🤖 AI Summary
Event cameras’ dense event representations are highly susceptible to accumulation noise, leading to elevated false-negative rates and limiting real-time robotic perception. To address this, we propose an end-to-end wavelet-Transformer hybrid detection framework: (1) we integrate a learnable wavelet transform into the backbone network for structured, adaptive denoising of event streams; (2) we design a Dynamic Reorganization Convolutional Block (DRCB) to enhance inference efficiency of the hybrid encoder; and (3) we combine the DETR decoding paradigm with TensorRT FP16 quantization for efficient deployment. Our method achieves state-of-the-art performance across three major benchmarks—DSEC, Gen1, and 1Mpx—while attaining real-time inference at 35 FPS on the NVIDIA Jetson Orin NX platform. It significantly improves both noise robustness and deployment efficiency without compromising detection accuracy.
📝 Abstract
Previous studies on event camera sensing have demonstrated certain detection performance using dense event representations.

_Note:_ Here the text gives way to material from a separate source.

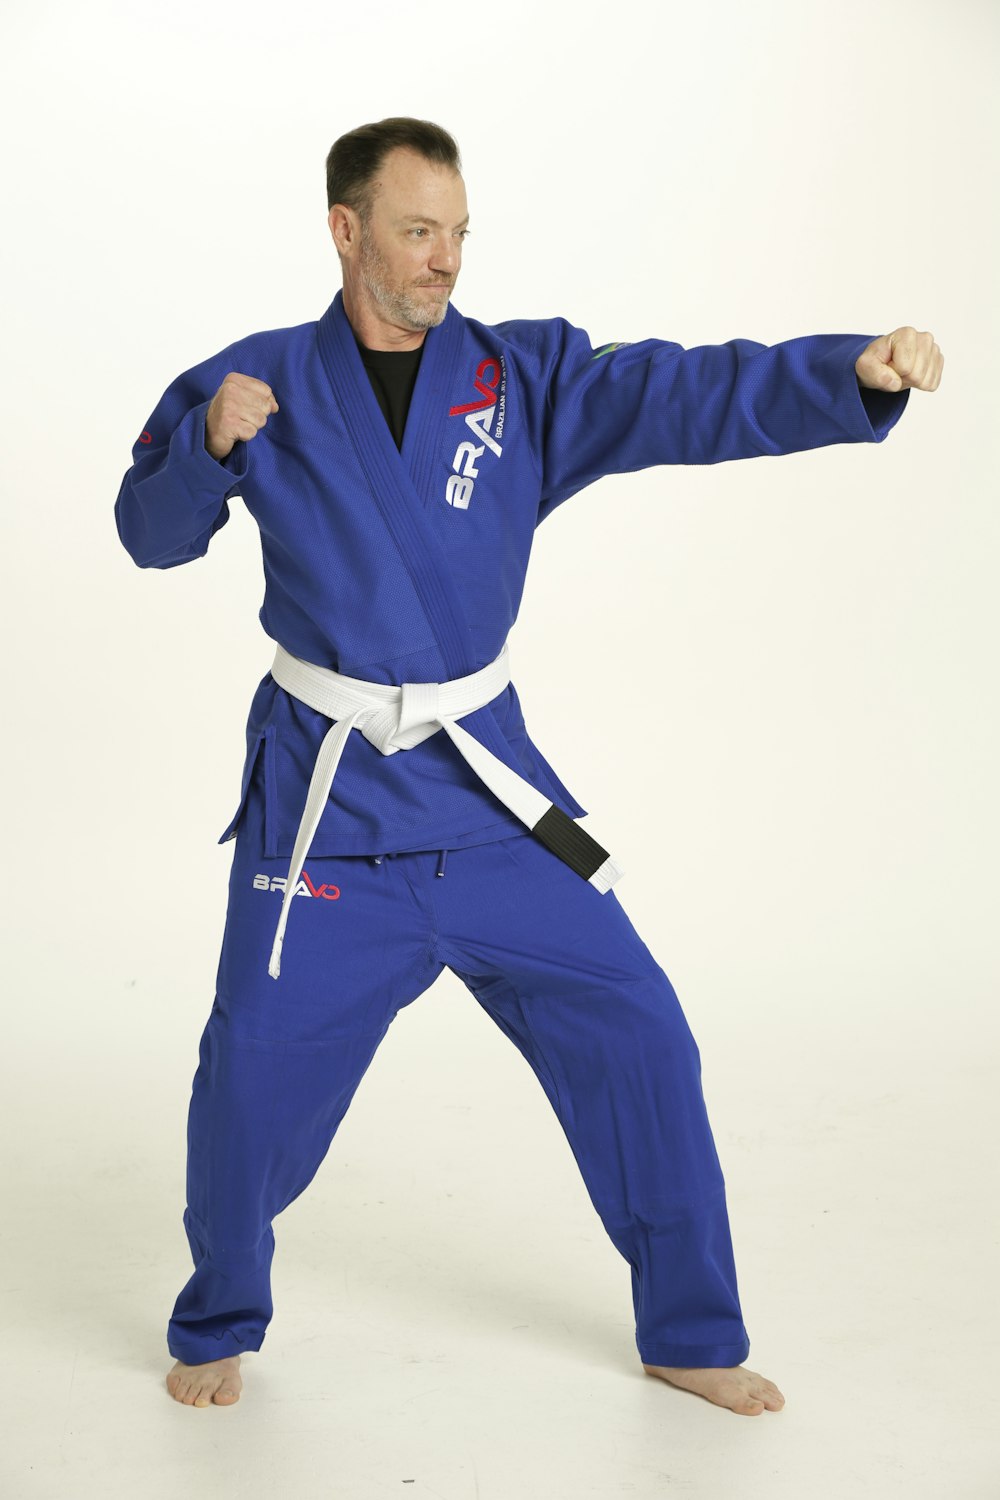 Ein Mann im blauen Karateanzug posiert für ein Foto

However, the accumulated noise in such dense representations has received insufficient attention, which degrades the representation quality and increases the likelihood of missed detections. To address this challenge, we propose the Wavelet Denoising-enhanced DEtection TRansformer, i.e., WD-DETR network, for event cameras. In particular, a dense event representation is presented first, which enables real-time reconstruction of events as tensors. Then, a wavelet transform method is designed to filter noise in the event representations. Such a method is integrated into the backbone for feature extraction. The extracted features are subsequently fed into a transformer-based network for object prediction. To further reduce inference time, we incorporate the Dynamic Reorganization Convolution Block (DRCB) as a fusion module within the hybrid encoder. The proposed method has been evaluated on three event-based object detection datasets, i.e., DSEC, Gen1, and 1Mpx. The results demonstrate that WD-DETR outperforms tested state-of-the-art methods. Additionally, we implement our approach on a common onboard computer for robots, the NVIDIA Jetson Orin NX, achieving a high frame rate of approximately 35 FPS using TensorRT FP16, which is exceptionally well-suited for real-time perception of onboard robotic systems.